For $x \in \mathbb{R}^N$, given a complex function $f(x)\in\mathbb{C}$: $$ f(x) = \exp \left( - \pi x^{T} (A + j B) x \right) $$ where real matrices $A = A^{T}$ and $B = B^{T}$ are positive semi definite.

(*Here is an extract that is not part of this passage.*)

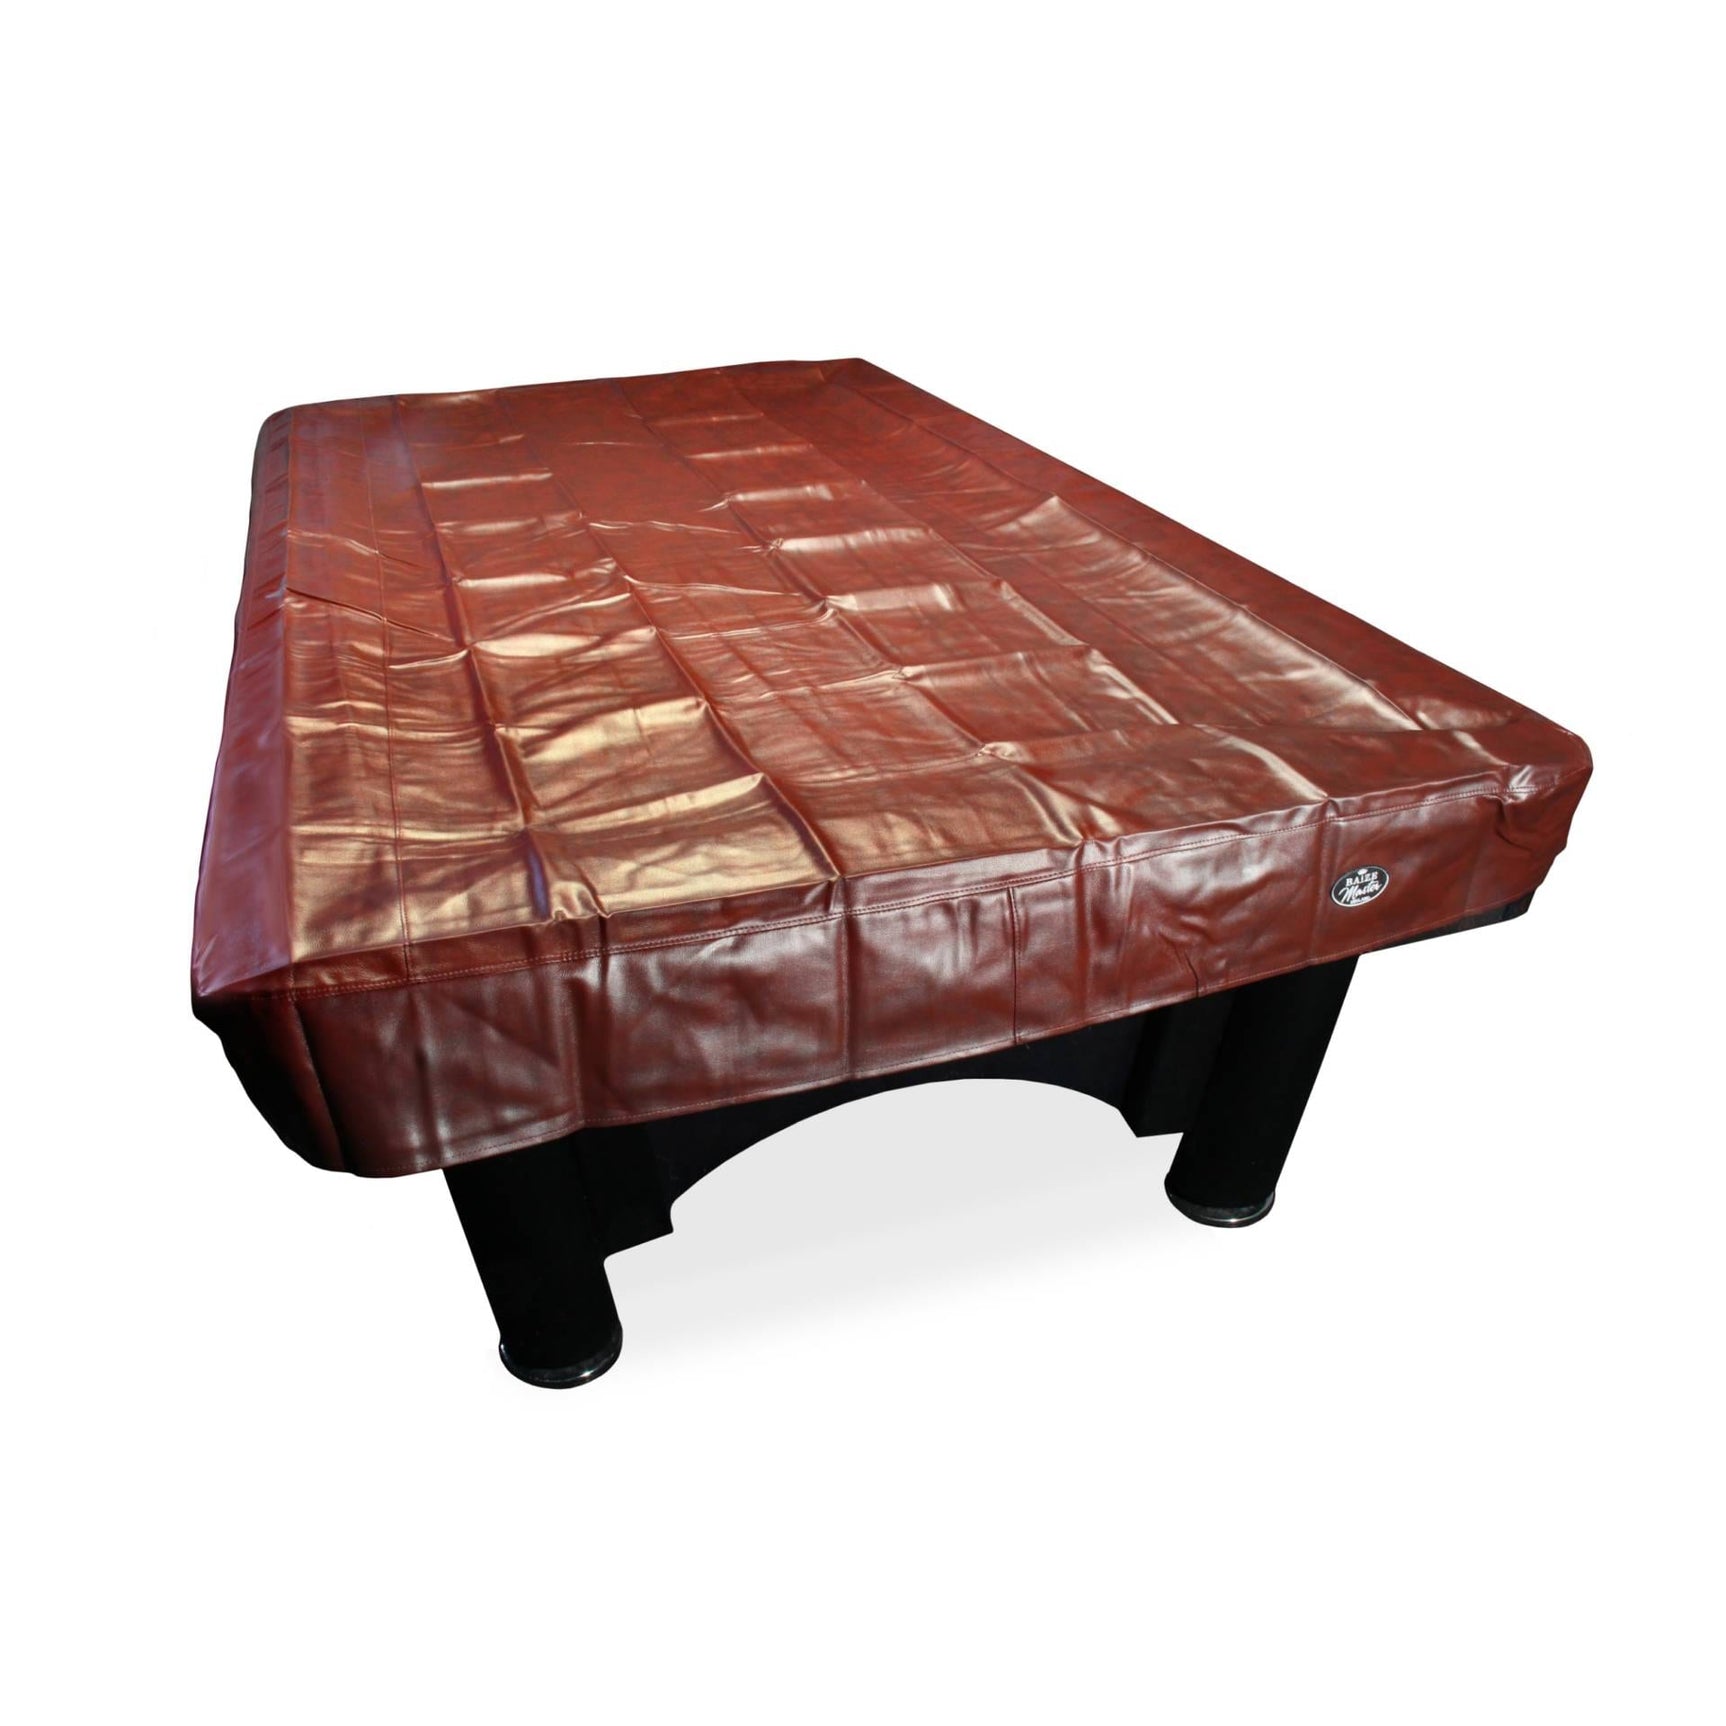 Baize Master Heavy Duty Water Resistant American Pool Table Cover - 9FT BURGUNDY

How to derive its Fourier transform in terms of $A$ and $B$? That is: $$ F(\nu) = \int \! f(x) \exp(-j 2\pi \nu \cdot x) \, \mathrm{d} x $$
Let $B = U^TDU$ with a diagonal matrix $D$ and an orthogonal matrix $U$. Then $$ x^TBx + 2\nu^Tx = \sum_{k=1}^Nd_k(y_k+r_k)^2 - \sum_{k=1}^Nw_kr_k, $$ where $y = Ux$, $w = U\nu$, and $r = D^{-1}w$. Now, set $z = y+r$. Then $$ x^TBx + 2\nu^Tx = z^T Dz - w^Tr = |D^{1/2}z|^2 - w^Tr. $$ As another change of variable, set $t = D^{1/2}z$. Then $x^TBx + 2\nu^Tx = |t|^2 - c$, where $c = w^Tr = |D^{-1/2}w|^2$. We get (I'm not sure whether it's $1/2$ or $-1/2$ in the exponent -- you should check it) $$ \int f(x)e^{-2\pi i\nu^Tx}\,dx = e^{\pi ic}(\det D)^{\pm 1/2}\cdot\int e^{-\pi(D^{-1/2}t-r)^TUAU^T(D^{-1/2}t-r)}\cdot e^{-\pi i|t|^2}\,dt. $$ Now, setting $A_1 := D^{-1/2}UAU^TD^{-1/2}$ and $\rho := D^{1/2}r$, \begin{align} (D^{-1/2}t-r)^TUAU^T(D^{-1/2}t-r) &= (t-\rho)^TA_1(t-\rho)\\ &= t^TA_1t - 2\rho^TA_1t + \rho^TA_1\rho. \end{align} We have $A_1 = V^TEV$ with a diagonal matrix $E = diag(e_k)$ and an orthogonal matrix $V$ and we get $$ t^TA_1t - 2\rho^TA_1t + \rho^TA_1\rho = \sum_{k=1}^Ne_k(x_k-\tau_k)^2, $$ where $x = Vt$ and $\tau = V\rho$. Since $|t| = |x|$ (which is the main trick here), we obtain $$ \int f(x)e^{-2\pi i\nu^Tx}\,dx = C\cdot\int e^{-\pi\sum e_k(x_k-\tau_k)^2}\cdot e^{-\pi i|x|^2}\,dx = C\prod_{k=1}^N\int e^{-\pi(e_k(s-\tau_k)^2+is^2)}\,ds. $$